Student loan debt is soaring. Since 1999, average student loan debt has increased by more than 500 percent, and in 2010, it exceeded outstanding credit card debt for the first time in history. Total outstanding student loan debt, by some counts, exceeded $1 trillion this year.
While many approaches have been taken to the problem (trying to cut university costs, for example), there seem to be just two proposals for lessening the burden on the students themselves. These are to allow the loans to be discharged in bankruptcy or to forgive the loans altogether. Both have been the subject of Congressional bills.
Only one of these has the proper long-term incentive effects, and even it should be hedged with some restrictions: restoring limited bankruptcy protection.
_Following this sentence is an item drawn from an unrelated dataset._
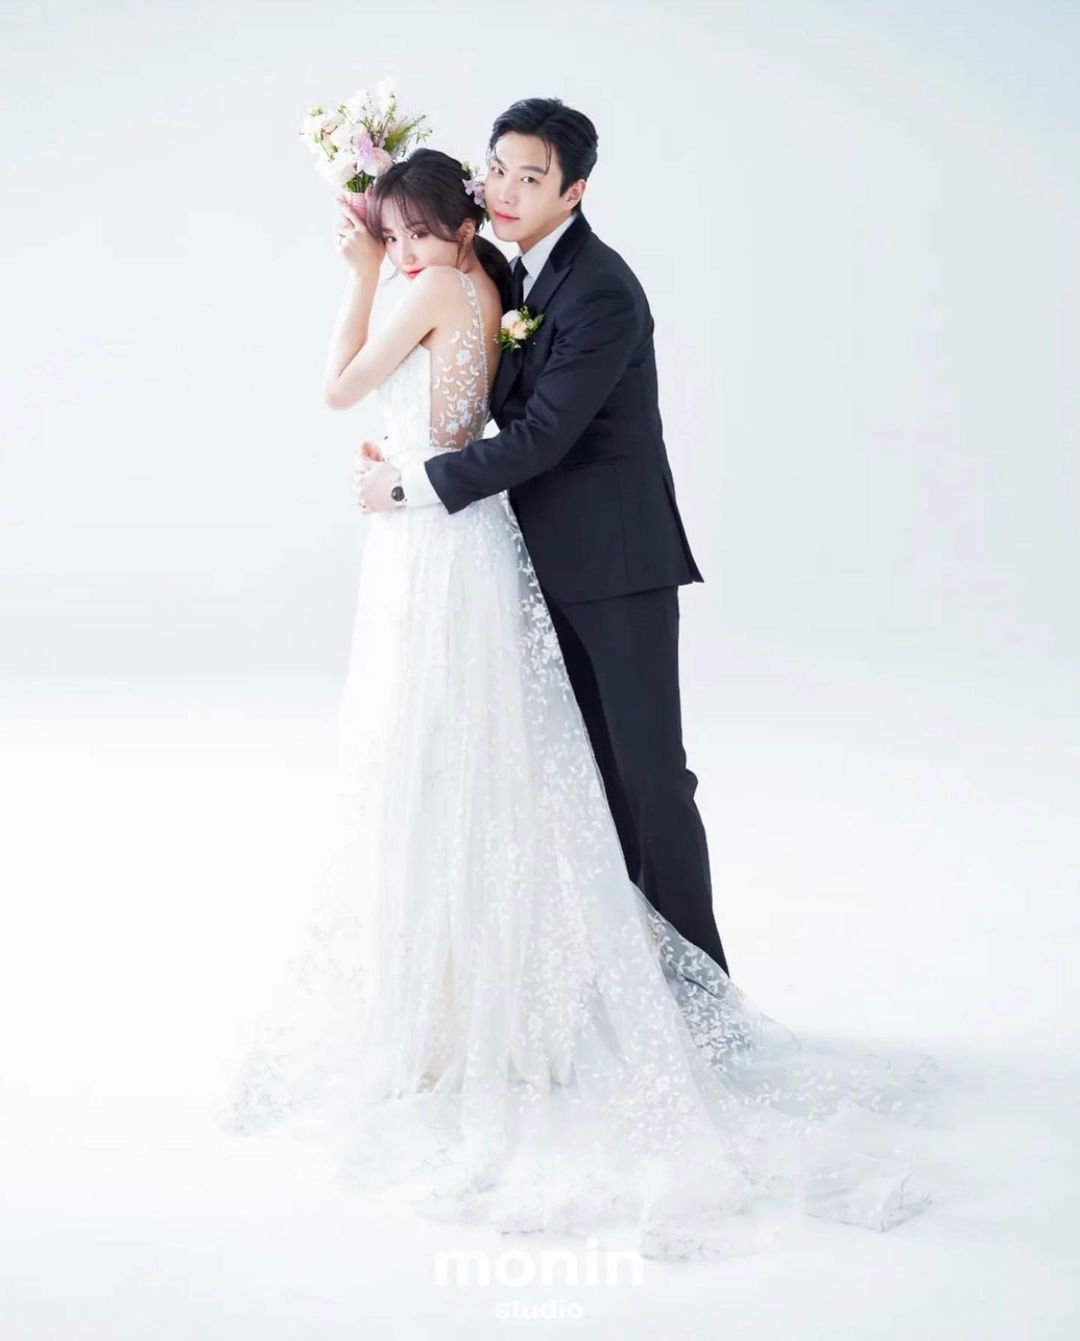 Showbiz Hàn được mùa cưới: Sau Hyun Bin và Son Ye Jin, có cặp đôi idol chốt đơn về chung nhà chỉ sau 1 năm hẹn hò - Ảnh 3.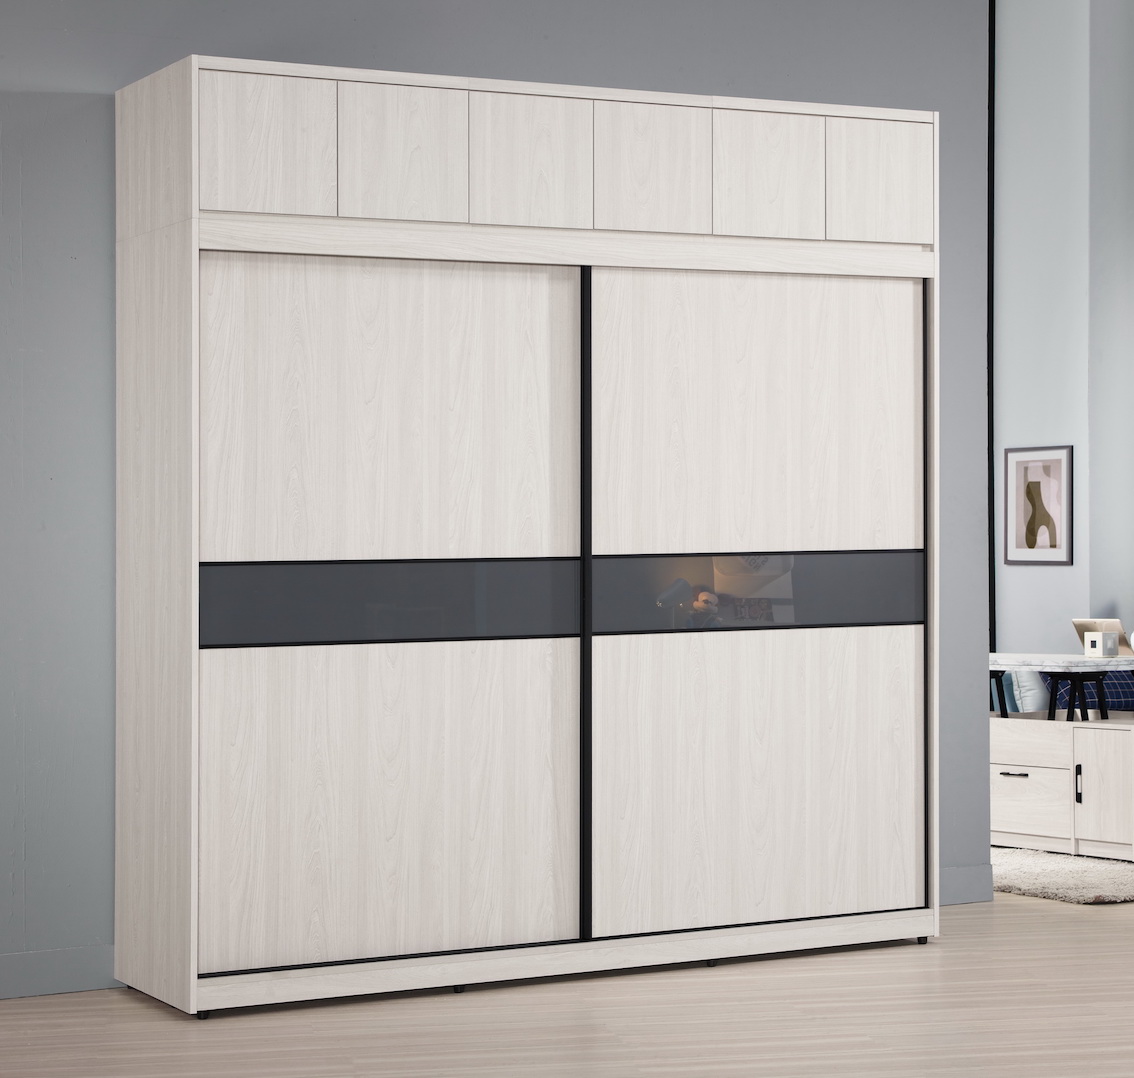 蘿克斯6尺拉門衣櫃 被櫃設計 自選內裝組合

That is, students should be allowed to get out of their student loan burden as part of bankruptcy proceedings, just as they are able to get out of car loans now. However, this option should be restricted to private loans and should be allowed only after a set amount of time, such as 5 or 7 years, as it was prior to 2005.
While Senator Dick Durbin (D-Ill.) has proposed the idea of restoring bankruptcy protection for borrowers of private student loans several times, it has gone nowhere. Instead, there’s a growing chorus in favor of loan forgiveness. U.S. Representative Hansen Clarke (D-Mich.) introduced H.R. 4170, the Student Loan Forgiveness Act of 2012, earlier this year.
The law would allow students to pay just 10 percent of their discretionary income for 10 years, whatever their total loan amount; then, the remaining debt would be canceled. This is the “10-10 standard.”
In addition, under this bill, the current 3.4 percent cap on undergraduate student loan interest rates (enacted by Congress as a temporary measure) would be made permanent. Private borrowers whose educational loan debt exceeded their income would be allowed to convert their private loan debt into federal Direct Loans, and then enroll in the “10-10” program.
A critical part of the bill is to reward graduates for entering public service professions -- like teaching and firefighting -- with even greater forgiveness. Already, under the Public Service Loan Forgiveness, some graduates can have their loans forgiven if they work in public service for ten years. Few students use the current programs, however, because the rules dictating structure of repayment are relatively restrictive, as Inside Higher Ed recently reported.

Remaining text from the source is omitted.